[Data segment — start]

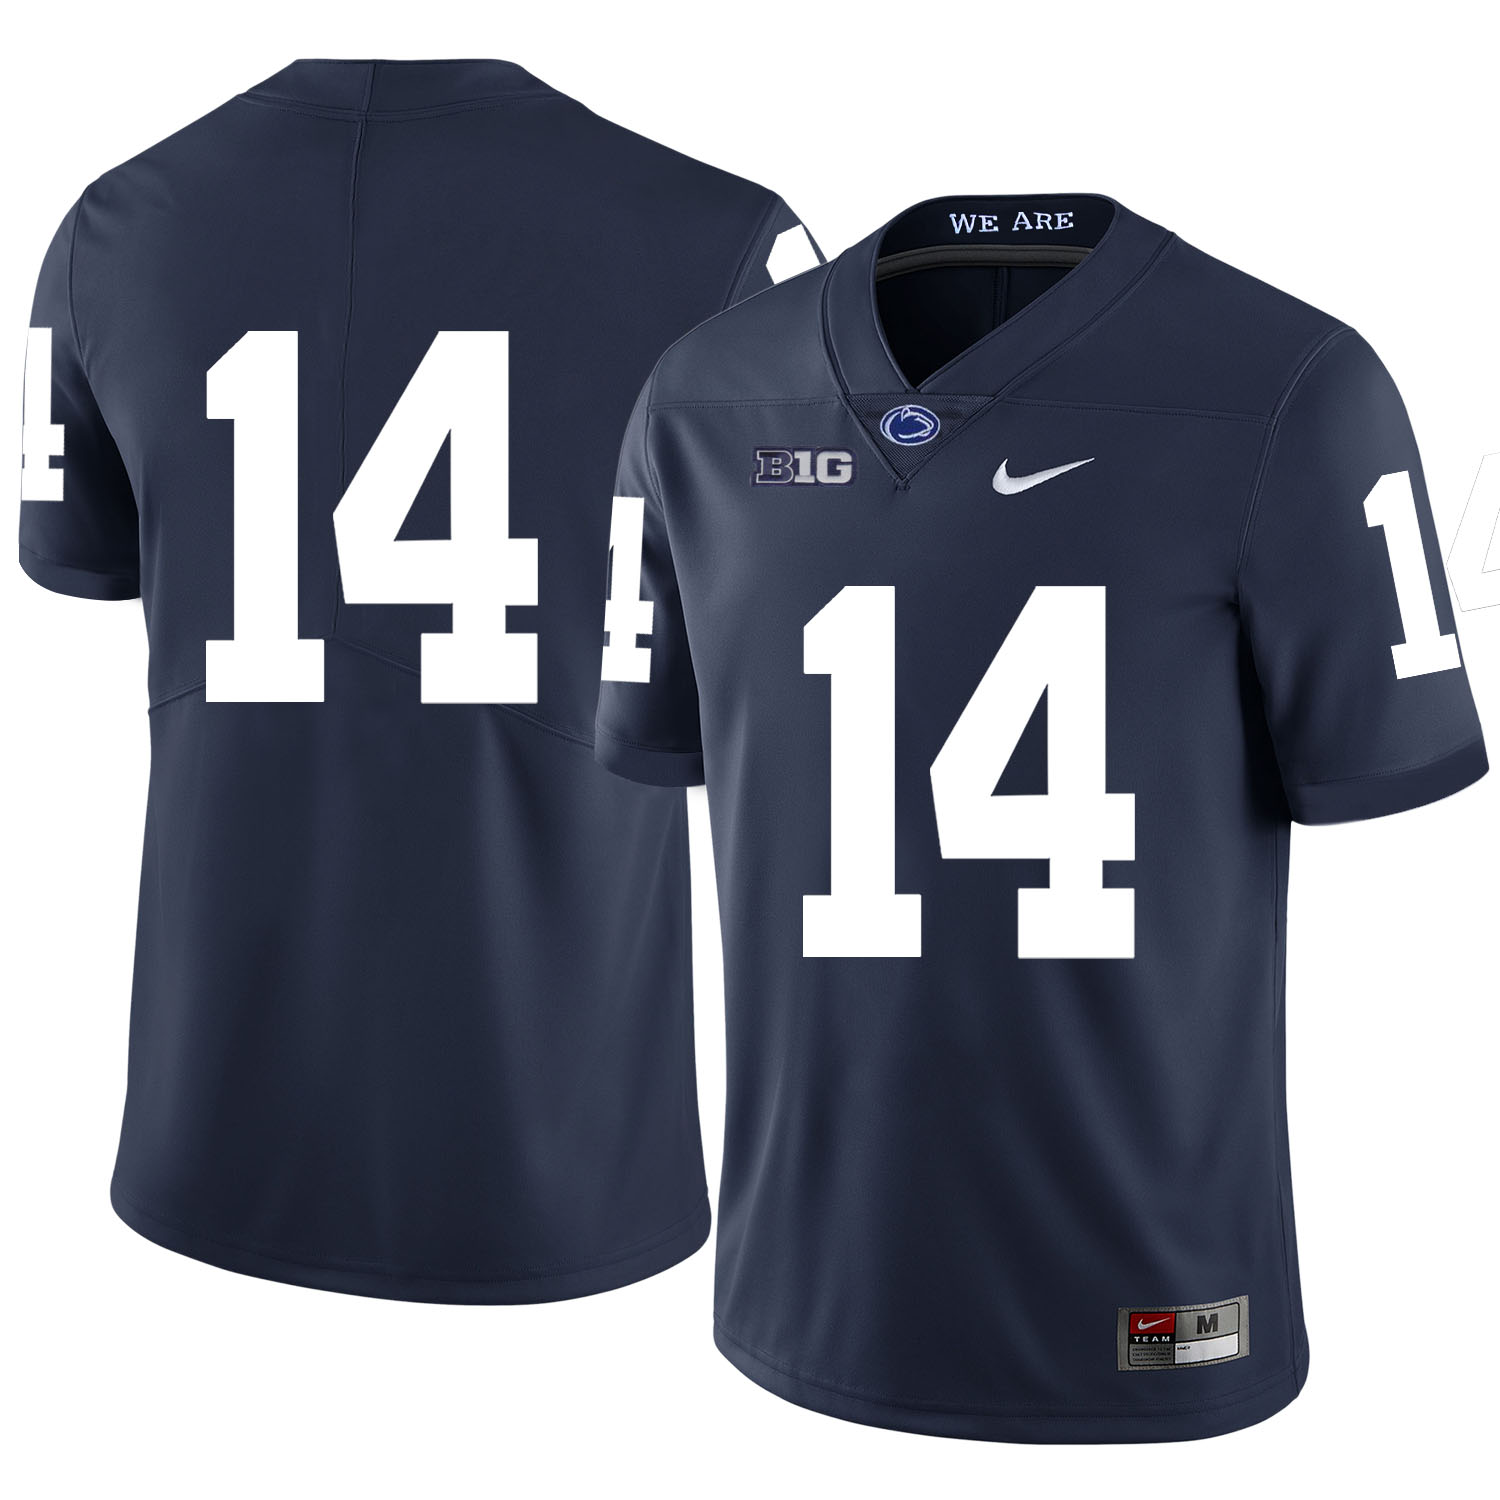 Penn State Nittany Lions 14 Christian Hackenberg Navy Nike College Football Jersey
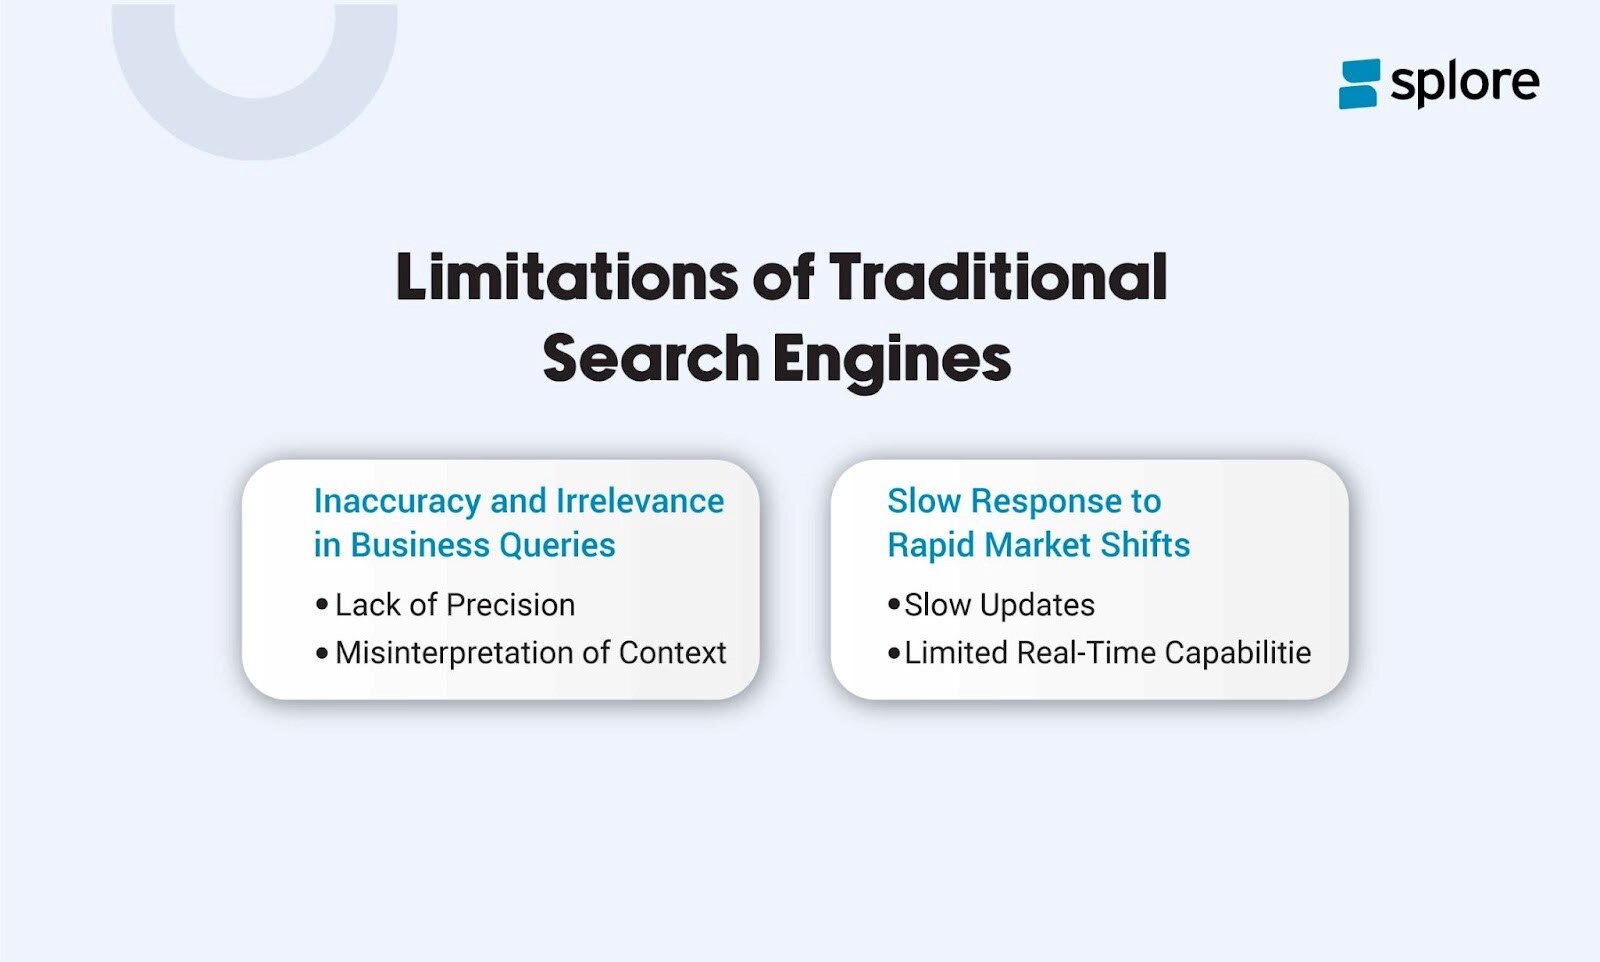 Limitations of Traditional Search Engines
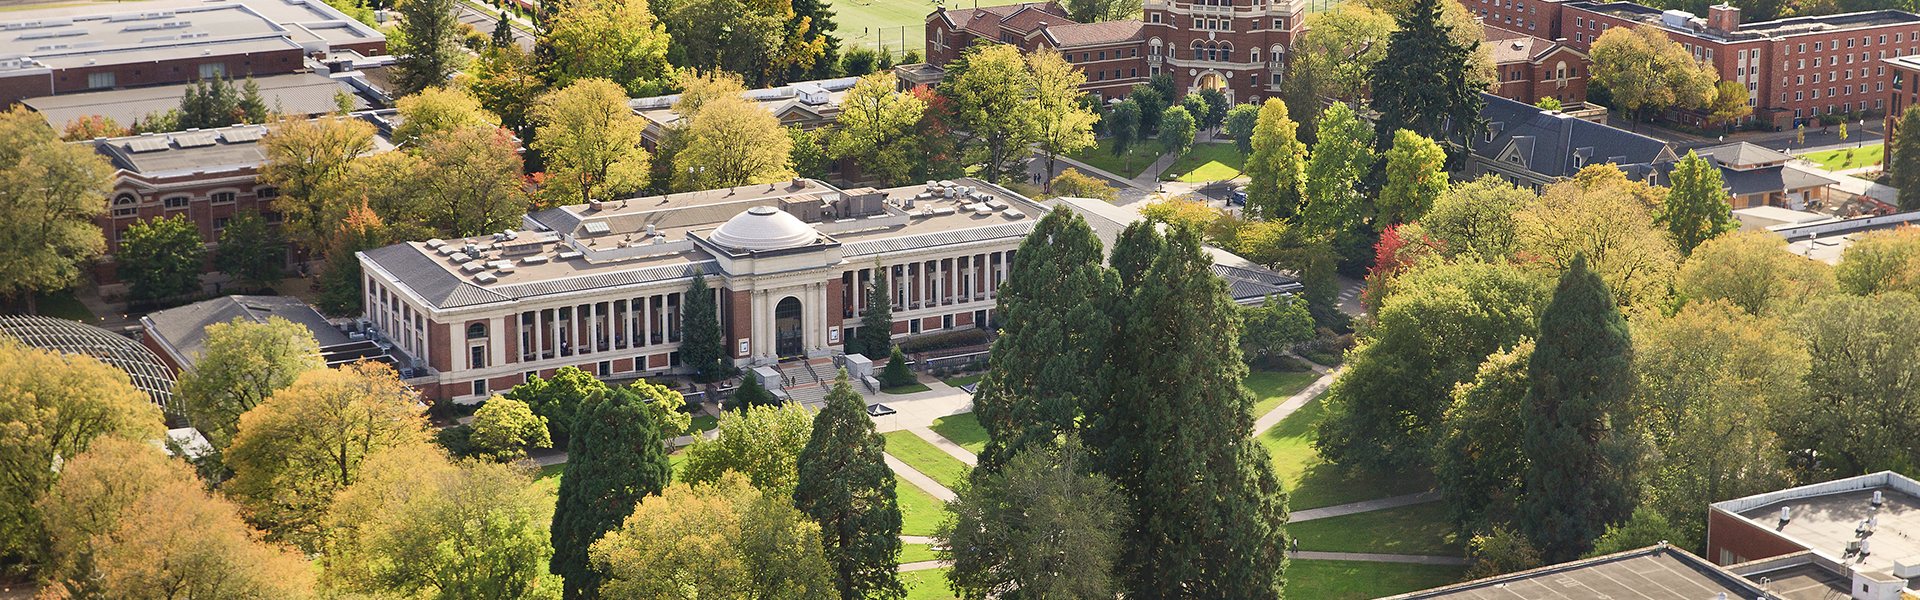 Aerial View of the OSU campus in Corvallis with Memorial Union in the shot, trees surrounding

[Data segment — finish]

What you are asked to do:
Restate the material word for word, minus pictures.

Response to this exercise:
 Penn State Nittany Lions 14 Christian Hackenberg Navy Nike College Football Jersey
 Limitations of Traditional Search Engines
 Aerial View of the OSU campus in Corvallis with Memorial Union in the shot, trees surrounding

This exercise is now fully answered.